──────── TASK MATERIAL
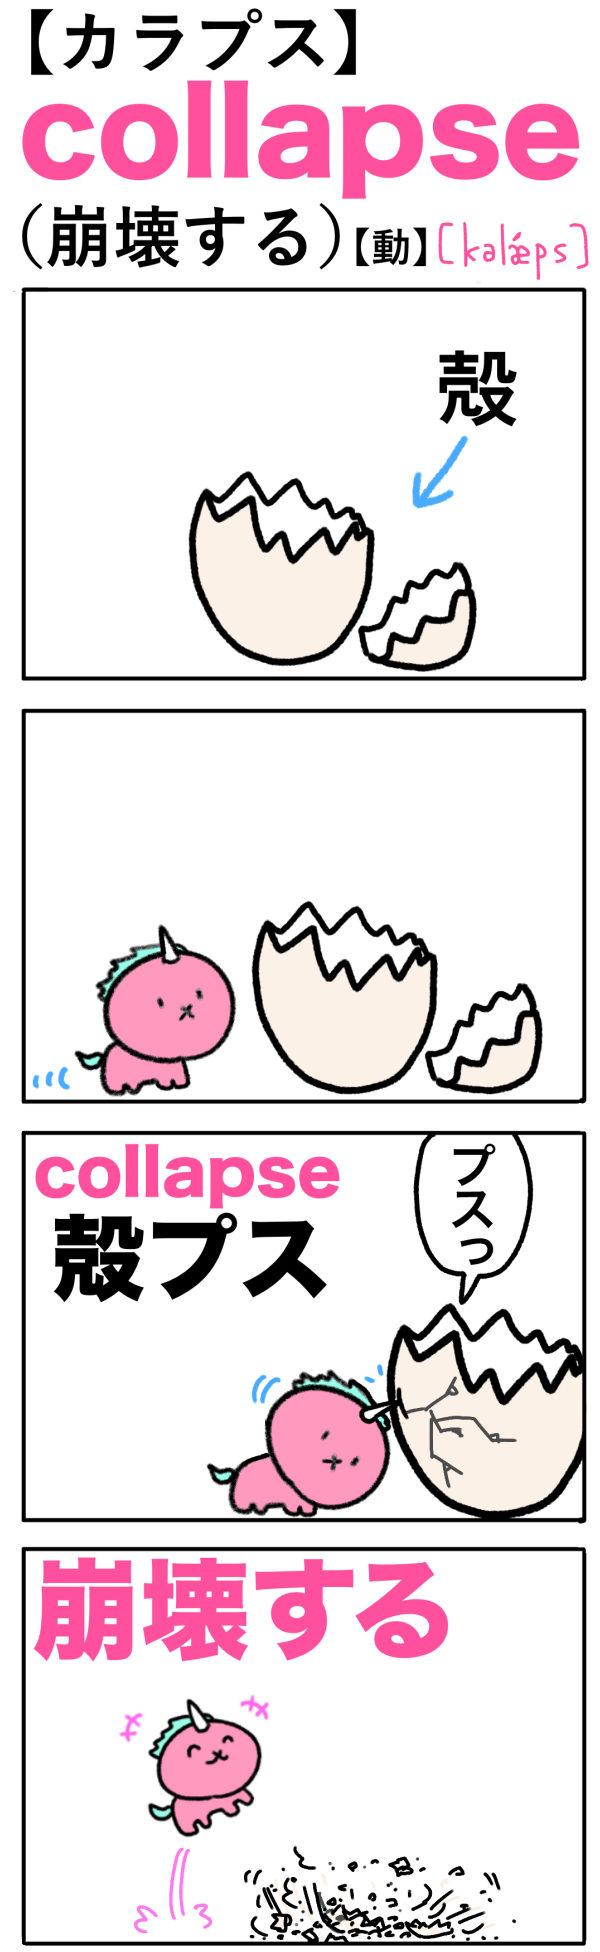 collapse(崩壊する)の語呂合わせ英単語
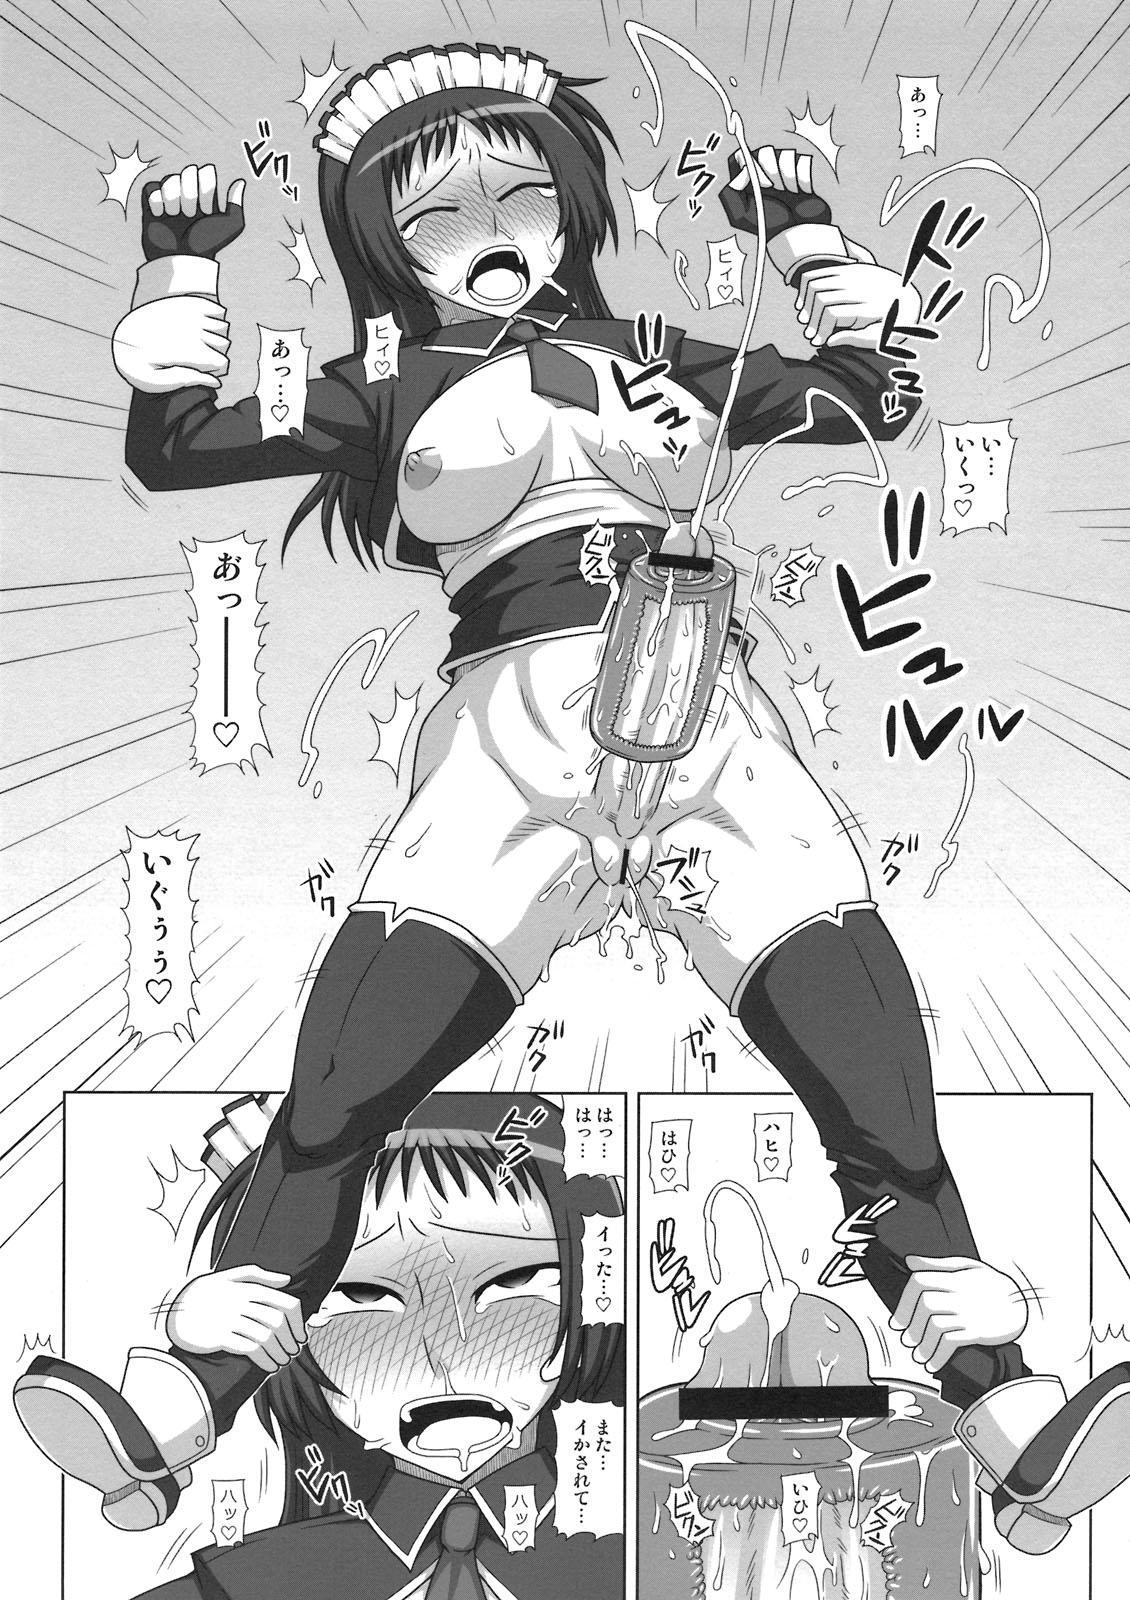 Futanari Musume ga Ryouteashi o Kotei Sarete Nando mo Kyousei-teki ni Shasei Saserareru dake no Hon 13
────────────────
──────── TASK MATERIAL
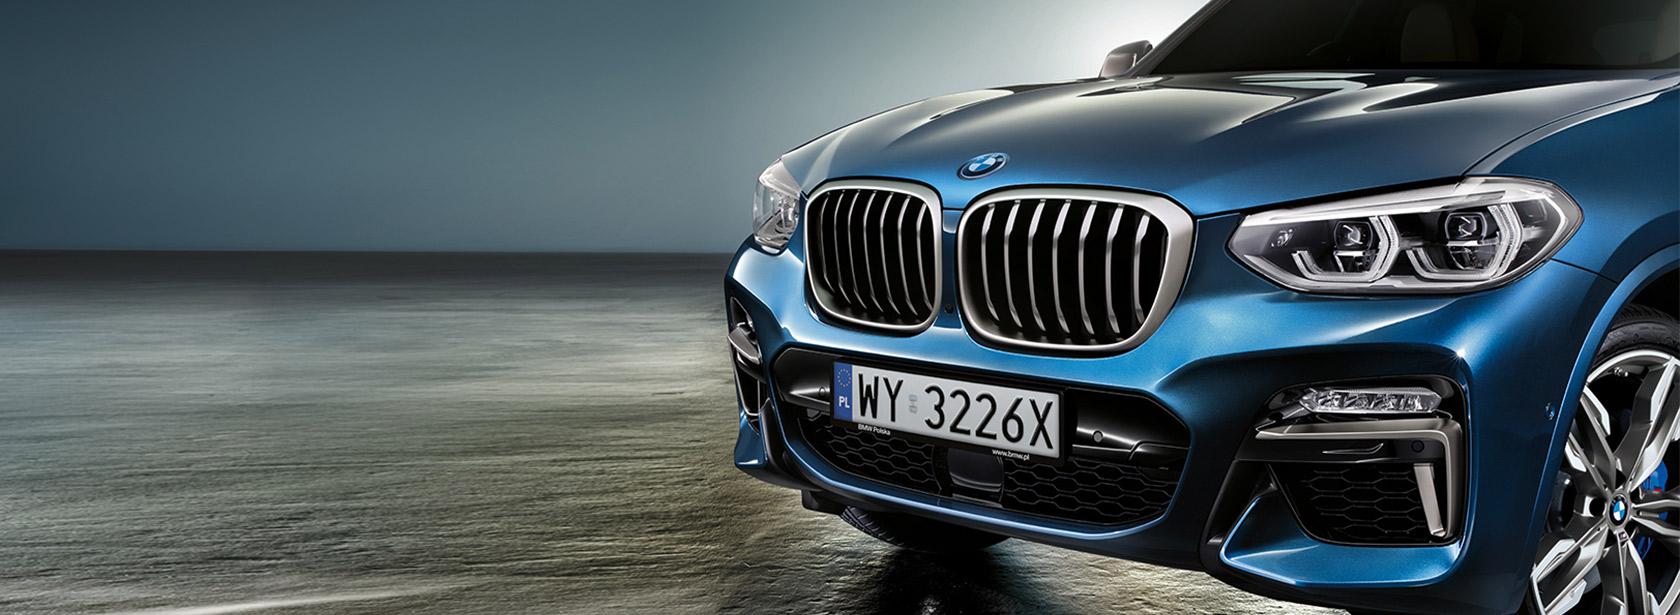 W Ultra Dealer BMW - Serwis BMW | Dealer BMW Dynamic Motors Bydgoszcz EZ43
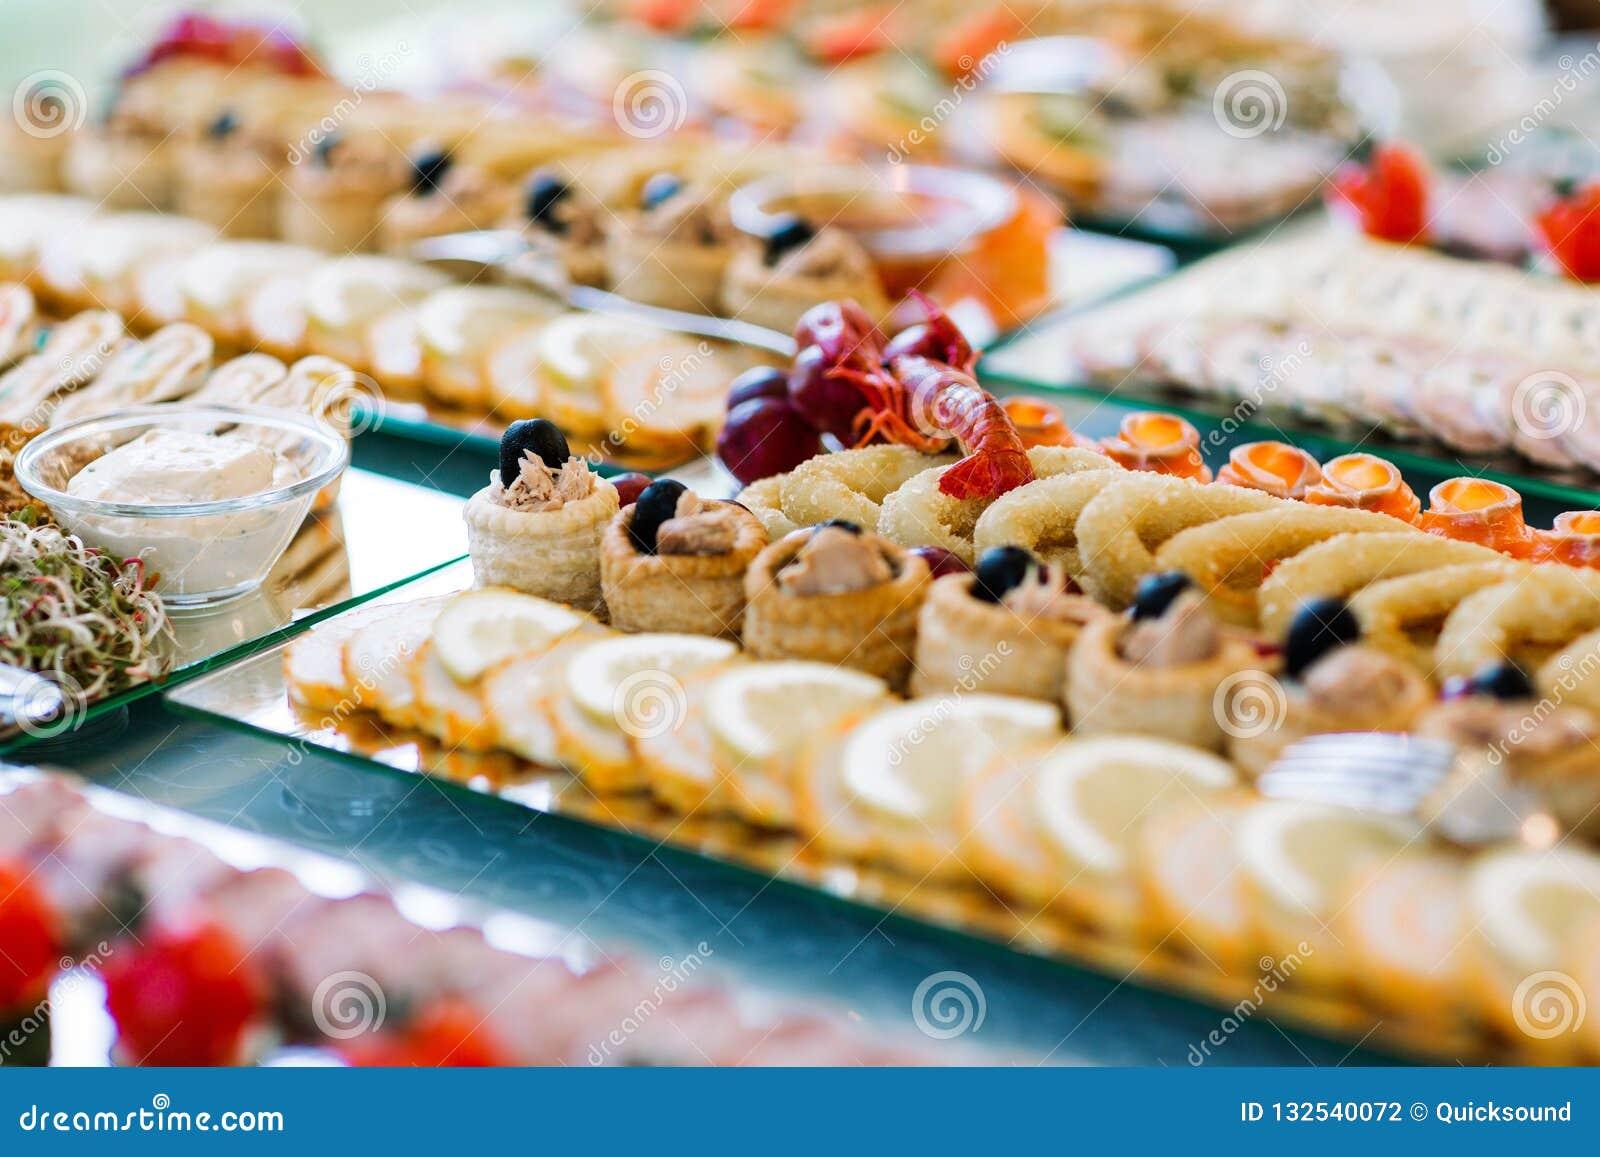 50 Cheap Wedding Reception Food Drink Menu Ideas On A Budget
────────────────
DIRECTIONS
Reproduce the records above exactly, but only from the line with "collapse(崩壊する)の語呂合わせ英単語" up to and including the line with "Futanari Musume ga". Leave the pictures out.

TASK OUTPUT
 collapse(崩壊する)の語呂合わせ英単語
 Futanari Musume ga Ryouteashi o Kotei Sarete Nando mo Kyousei-teki ni Shasei Saserareru dake no Hon 13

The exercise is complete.